* **What to work on**
Here the job is to restate every entry word for word.

* **Data supplied**
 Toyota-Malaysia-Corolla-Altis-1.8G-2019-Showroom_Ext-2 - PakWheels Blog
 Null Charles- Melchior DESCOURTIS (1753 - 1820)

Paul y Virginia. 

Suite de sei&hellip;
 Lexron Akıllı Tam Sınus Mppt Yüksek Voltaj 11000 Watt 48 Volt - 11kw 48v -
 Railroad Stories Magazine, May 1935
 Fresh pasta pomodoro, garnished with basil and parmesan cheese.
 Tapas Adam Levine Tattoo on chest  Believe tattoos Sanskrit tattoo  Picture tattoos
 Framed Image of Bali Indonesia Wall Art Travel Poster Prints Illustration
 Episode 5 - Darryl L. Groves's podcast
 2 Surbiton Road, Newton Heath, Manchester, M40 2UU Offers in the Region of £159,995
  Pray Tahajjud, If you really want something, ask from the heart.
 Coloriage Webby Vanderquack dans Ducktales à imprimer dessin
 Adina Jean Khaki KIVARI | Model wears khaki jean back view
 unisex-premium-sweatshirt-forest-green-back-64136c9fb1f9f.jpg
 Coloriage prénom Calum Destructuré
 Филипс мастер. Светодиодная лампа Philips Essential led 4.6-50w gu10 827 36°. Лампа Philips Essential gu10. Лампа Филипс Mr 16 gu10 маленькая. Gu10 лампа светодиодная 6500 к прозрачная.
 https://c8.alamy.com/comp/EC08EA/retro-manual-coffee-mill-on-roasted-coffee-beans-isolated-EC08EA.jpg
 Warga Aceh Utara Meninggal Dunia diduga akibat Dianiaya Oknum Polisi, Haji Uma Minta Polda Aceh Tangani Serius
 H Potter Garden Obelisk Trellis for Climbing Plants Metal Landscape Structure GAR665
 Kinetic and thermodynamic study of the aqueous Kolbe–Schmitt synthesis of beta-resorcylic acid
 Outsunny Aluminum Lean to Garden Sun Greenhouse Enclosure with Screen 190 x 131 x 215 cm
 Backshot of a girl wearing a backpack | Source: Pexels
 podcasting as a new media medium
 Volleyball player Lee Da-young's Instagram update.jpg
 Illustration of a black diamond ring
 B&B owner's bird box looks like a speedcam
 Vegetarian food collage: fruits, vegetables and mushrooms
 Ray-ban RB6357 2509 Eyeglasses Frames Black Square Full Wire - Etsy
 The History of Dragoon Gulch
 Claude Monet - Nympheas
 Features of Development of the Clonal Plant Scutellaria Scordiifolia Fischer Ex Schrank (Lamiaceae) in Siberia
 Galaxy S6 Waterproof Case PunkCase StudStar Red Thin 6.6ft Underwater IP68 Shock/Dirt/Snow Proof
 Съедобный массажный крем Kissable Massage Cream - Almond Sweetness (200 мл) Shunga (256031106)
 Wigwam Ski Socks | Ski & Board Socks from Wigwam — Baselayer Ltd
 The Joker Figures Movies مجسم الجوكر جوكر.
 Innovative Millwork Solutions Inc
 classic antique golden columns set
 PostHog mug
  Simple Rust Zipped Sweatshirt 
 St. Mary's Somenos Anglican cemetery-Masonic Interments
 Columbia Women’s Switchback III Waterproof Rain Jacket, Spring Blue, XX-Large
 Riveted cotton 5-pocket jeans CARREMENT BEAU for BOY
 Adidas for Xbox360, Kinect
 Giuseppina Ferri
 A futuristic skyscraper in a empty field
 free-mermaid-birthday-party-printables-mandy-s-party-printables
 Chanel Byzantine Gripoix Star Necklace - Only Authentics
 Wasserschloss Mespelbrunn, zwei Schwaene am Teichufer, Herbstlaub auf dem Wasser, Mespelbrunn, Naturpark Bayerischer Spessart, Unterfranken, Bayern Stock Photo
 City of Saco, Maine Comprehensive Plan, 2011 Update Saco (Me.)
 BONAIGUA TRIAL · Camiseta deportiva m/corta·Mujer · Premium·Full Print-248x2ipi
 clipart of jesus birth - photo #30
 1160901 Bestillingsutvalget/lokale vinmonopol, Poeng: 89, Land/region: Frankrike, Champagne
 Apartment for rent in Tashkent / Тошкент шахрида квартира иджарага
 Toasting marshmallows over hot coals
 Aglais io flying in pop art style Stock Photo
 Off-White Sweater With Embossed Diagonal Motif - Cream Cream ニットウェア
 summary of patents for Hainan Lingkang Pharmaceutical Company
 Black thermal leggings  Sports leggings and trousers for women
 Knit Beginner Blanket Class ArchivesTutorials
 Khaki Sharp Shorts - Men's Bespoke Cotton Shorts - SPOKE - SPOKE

* **Response to the exercise**
 Toyota-Malaysia-Corolla-Altis-1.8G-2019-Showroom_Ext-2 - PakWheels Blog
 Null Charles- Melchior DESCOURTIS (1753 - 1820)

Paul y Virginia. 

Suite de sei&hellip;
 Lexron Akıllı Tam Sınus Mppt Yüksek Voltaj 11000 Watt 48 Volt - 11kw 48v -
 Railroad Stories Magazine, May 1935
 Fresh pasta pomodoro, garnished with basil and parmesan cheese.
 Tapas Adam Levine Tattoo on chest  Believe tattoos Sanskrit tattoo  Picture tattoos
 Framed Image of Bali Indonesia Wall Art Travel Poster Prints Illustration
 Episode 5 - Darryl L. Groves's podcast
 2 Surbiton Road, Newton Heath, Manchester, M40 2UU Offers in the Region of £159,995
  Pray Tahajjud, If you really want something, ask from the heart.
 Coloriage Webby Vanderquack dans Ducktales à imprimer dessin
 Adina Jean Khaki KIVARI | Model wears khaki jean back view
 unisex-premium-sweatshirt-forest-green-back-64136c9fb1f9f.jpg
 Coloriage prénom Calum Destructuré
 Филипс мастер. Светодиодная лампа Philips Essential led 4.6-50w gu10 827 36°. Лампа Philips Essential gu10. Лампа Филипс Mr 16 gu10 маленькая. Gu10 лампа светодиодная 6500 к прозрачная.
 https://c8.alamy.com/comp/EC08EA/retro-manual-coffee-mill-on-roasted-coffee-beans-isolated-EC08EA.jpg
 Warga Aceh Utara Meninggal Dunia diduga akibat Dianiaya Oknum Polisi, Haji Uma Minta Polda Aceh Tangani Serius
 H Potter Garden Obelisk Trellis for Climbing Plants Metal Landscape Structure GAR665
 Kinetic and thermodynamic study of the aqueous Kolbe–Schmitt synthesis of beta-resorcylic acid
 Outsunny Aluminum Lean to Garden Sun Greenhouse Enclosure with Screen 190 x 131 x 215 cm
 Backshot of a girl wearing a backpack | Source: Pexels
 podcasting as a new media medium
 Volleyball player Lee Da-young's Instagram update.jpg
 Illustration of a black diamond ring
 B&B owner's bird box looks like a speedcam
 Vegetarian food collage: fruits, vegetables and mushrooms
 Ray-ban RB6357 2509 Eyeglasses Frames Black Square Full Wire - Etsy
 The History of Dragoon Gulch
 Claude Monet - Nympheas
 Features of Development of the Clonal Plant Scutellaria Scordiifolia Fischer Ex Schrank (Lamiaceae) in Siberia
 Galaxy S6 Waterproof Case PunkCase StudStar Red Thin 6.6ft Underwater IP68 Shock/Dirt/Snow Proof
 Съедобный массажный крем Kissable Massage Cream - Almond Sweetness (200 мл) Shunga (256031106)
 Wigwam Ski Socks | Ski & Board Socks from Wigwam — Baselayer Ltd
 The Joker Figures Movies مجسم الجوكر جوكر.
 Innovative Millwork Solutions Inc
 classic antique golden columns set
 PostHog mug
  Simple Rust Zipped Sweatshirt 
 St. Mary's Somenos Anglican cemetery-Masonic Interments
 Columbia Women’s Switchback III Waterproof Rain Jacket, Spring Blue, XX-Large
 Riveted cotton 5-pocket jeans CARREMENT BEAU for BOY
 Adidas for Xbox360, Kinect
 Giuseppina Ferri
 A futuristic skyscraper in a empty field
 free-mermaid-birthday-party-printables-mandy-s-party-printables
 Chanel Byzantine Gripoix Star Necklace - Only Authentics
 Wasserschloss Mespelbrunn, zwei Schwaene am Teichufer, Herbstlaub auf dem Wasser, Mespelbrunn, Naturpark Bayerischer Spessart, Unterfranken, Bayern Stock Photo
 City of Saco, Maine Comprehensive Plan, 2011 Update Saco (Me.)
 BONAIGUA TRIAL · Camiseta deportiva m/corta·Mujer · Premium·Full Print-248x2ipi
 clipart of jesus birth - photo #30
 1160901 Bestillingsutvalget/lokale vinmonopol, Poeng: 89, Land/region: Frankrike, Champagne
 Apartment for rent in Tashkent / Тошкент шахрида квартира иджарага
 Toasting marshmallows over hot coals
 Aglais io flying in pop art style Stock Photo
 Off-White Sweater With Embossed Diagonal Motif - Cream Cream ニットウェア
 summary of patents for Hainan Lingkang Pharmaceutical Company
 Black thermal leggings  Sports leggings and trousers for women
 Knit Beginner Blanket Class ArchivesTutorials
 Khaki Sharp Shorts - Men's Bespoke Cotton Shorts - SPOKE - SPOKE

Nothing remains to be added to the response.